Uno de los episodios más curiosos fue el de la «Cara de Marte» en la región de Cidonia. En 1976, la sonda Viking 1 tomó una foto donde parecía verse un rostro humano gigante. Algunos ufólogos, como Richard Hoagland, aseguraron que era un monumento construido por inteligencias externas. Pero, como suele pasar, la ciencia tiene la última palabra: era simplemente pareidolia, esa manía de nuestro cerebro de encontrar caras en cualquier sitio, sumada a una resolución de imagen bastante pobre.

Años después, con la Mars Global Surveyor y la Mars Odyssey, se tomaron fotos con mucha más nitidez y bajo distinta luz, confirmando que no había ninguna cara, solo rocas y sombras jugando con nuestra percepción.

El agua: la pieza clave del rompecabezas

Si queremos encontrar vida, necesitamos agua líquida, y ahí es donde Marte se pone complicado. Actualmente, el agua solo existe en estado sólido como hielo en los polos o en el subsuelo. El agua líquida no puede sobrevivir en la superficie debido a la bajísima presión atmosférica; si intentaras poner un vaso de agua en Marte, se sublimaría o congelaría al instante.

Pero el pasado es otra historia. Se cree que Marte tuvo océanos tan vastos como el Atlántico y una atmósfera densa que mantenía el calor. Al perder esa atmósfera en el espacio, el planeta se quedó congelado. Aun así, la NASA ha detectado indicios de canales de agua intermitentes y torrentes que habrían fluido en las paredes de cráteres hace relativamente poco tiempo.

Análisis de meteoritos y el enigma del metano

No hace falta ir siempre a Marte para estudiarlo, ya que algunos trozos han llegado a nosotros. La NASA tiene un catálogo de meteoritos marcianos, entre los que destacan el ALH84001, el Nakhla y el Shergotty. Algunos científicos creen haber visto fósiles microscópicos o moléculas orgánicas en ellos, aunque esto sigue siendo un debate abierto ya que el carbono puede formarse por procesos no biológicos.

Otro gran misterio es el gas metano. En 2003 se detectaron trazas de este gas, lo cual es rarísimo porque el metano es inestable en Marte y desaparece rápido. Esto sugeriría que hay una fuente activa produciendo metano, ya sea por actividad geológica o, en el mejor de los casos, por microorganismos. Aunque la sonda Curiosity sugirió más tarde que las cantidades eran mucho menores, la duda persiste.

Misiones modernas y el hallazgo de las biofirmas

Desde las sondas Viking en los 70, que dieron resultados inconcluyentes, hasta la actual misión Perseverance, el objetivo ha sido el mismo: buscar rastros biológicos. Recientemente, en el cráter Jezero, el rover Perseverance encontró una roca llamada Cheyava Falls que presenta unas manchas de leopardo. Estas marcas contienen minerales como la vivianita y la greigita, que en la Tierra suelen estar ligadas a metabolismos microbianos.
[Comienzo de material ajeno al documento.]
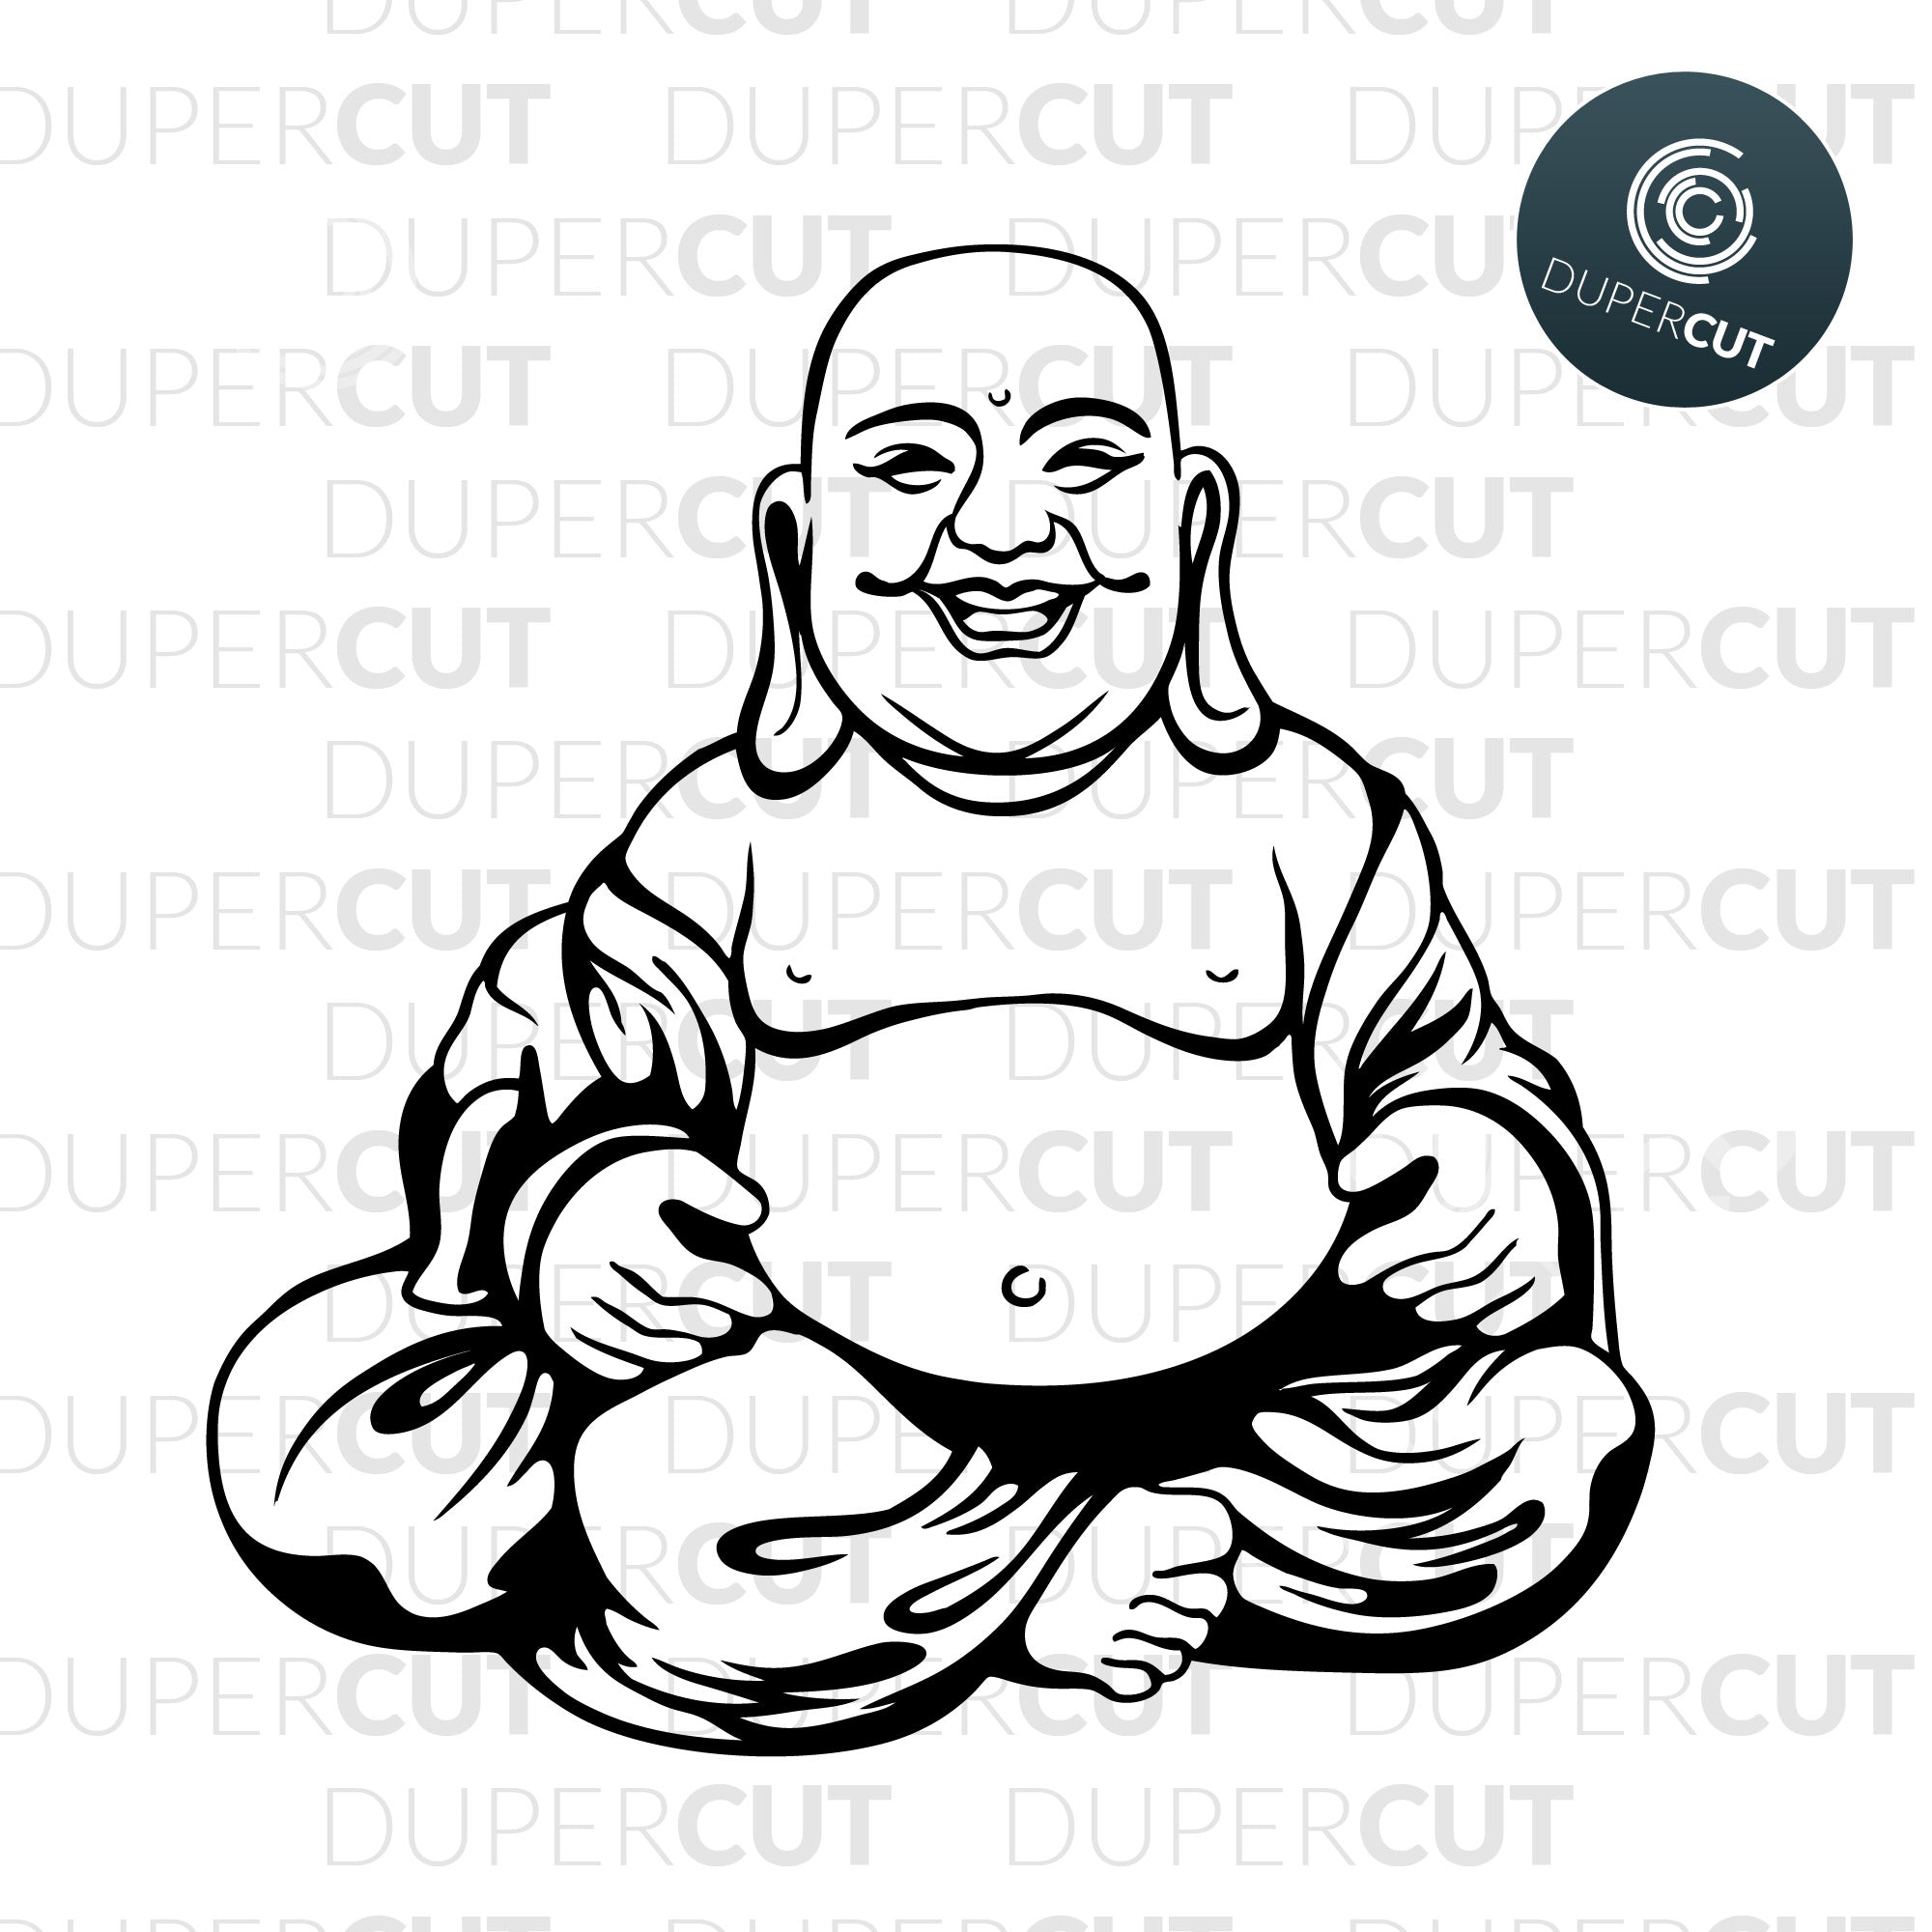 Laughing Buddha Card - Leah Yael Levy

Este descubrimiento es revolucionario porque se trata de rocas sedimentarias relativamente jóvenes, lo que implica que Marte pudo ser habitable durante mucho más tiempo del que pensábamos. Para confirmar si esto fue realmente vida o una reacción química abiótica, sería necesario traer esas muestras a la Tierra, aunque el presupuesto de las agencias espaciales pone en riesgo este regreso.

La fragilidad del equilibrio marciano

¿Por qué la Tierra floreció y Marte se convirtió en un desierto? Un estudio basado en datos del rover Curiosity apunta a que Marte tuvo destellos de habitabilidad, pero fueron oasis efímeros. A diferencia de la Tierra, donde el ciclo del carbono y la actividad volcánica mantienen el clima estable, Marte tuvo una actividad volcánica demasiado débil para sostener una atmósfera cálida y húmeda.
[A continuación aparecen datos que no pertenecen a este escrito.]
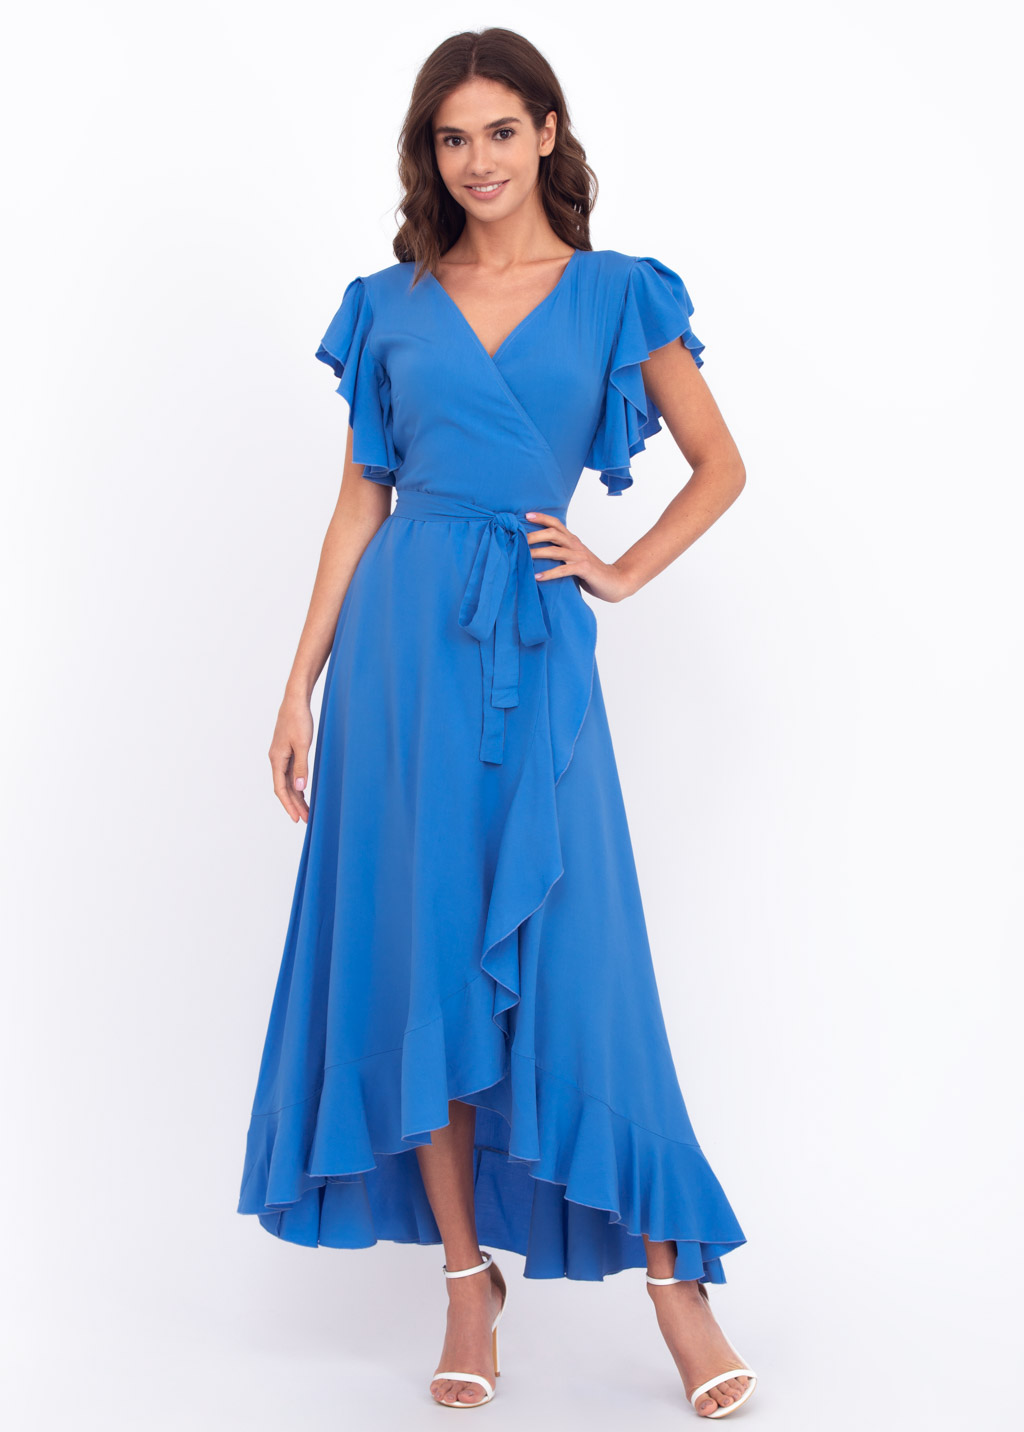 Indigo blue romantic wrap around dress

Esto significa que, aunque hubo ríos esporádicos, los periodos de sequía duraban millones de años, demasiado tiempo para que la vida pudiera prosperar y evolucionar. La esperanza actual reside en buscar vida a profundidades mayores a 7,5 metros, donde la radiación solar y cósmica no pueda destruir el ADN y el ARN de posibles microorganismos.

El camino para comprender el Planeta Rojo ha transitado desde la fantasía de los canales artificiales hasta la detección de posibles biofirmas en el cráter Jezero. Aunque la superficie actual sea un entorno hostil y estéril, la evidencia de antiguos ríos, la presencia de carbono orgánico y los misteriosos minerales en las rocas sugieren que Marte tuvo un pasado mucho más dinámico, dejando la puerta abierta a que la vida, aunque fuera microbiana, haya dejado su huella en el subsuelo.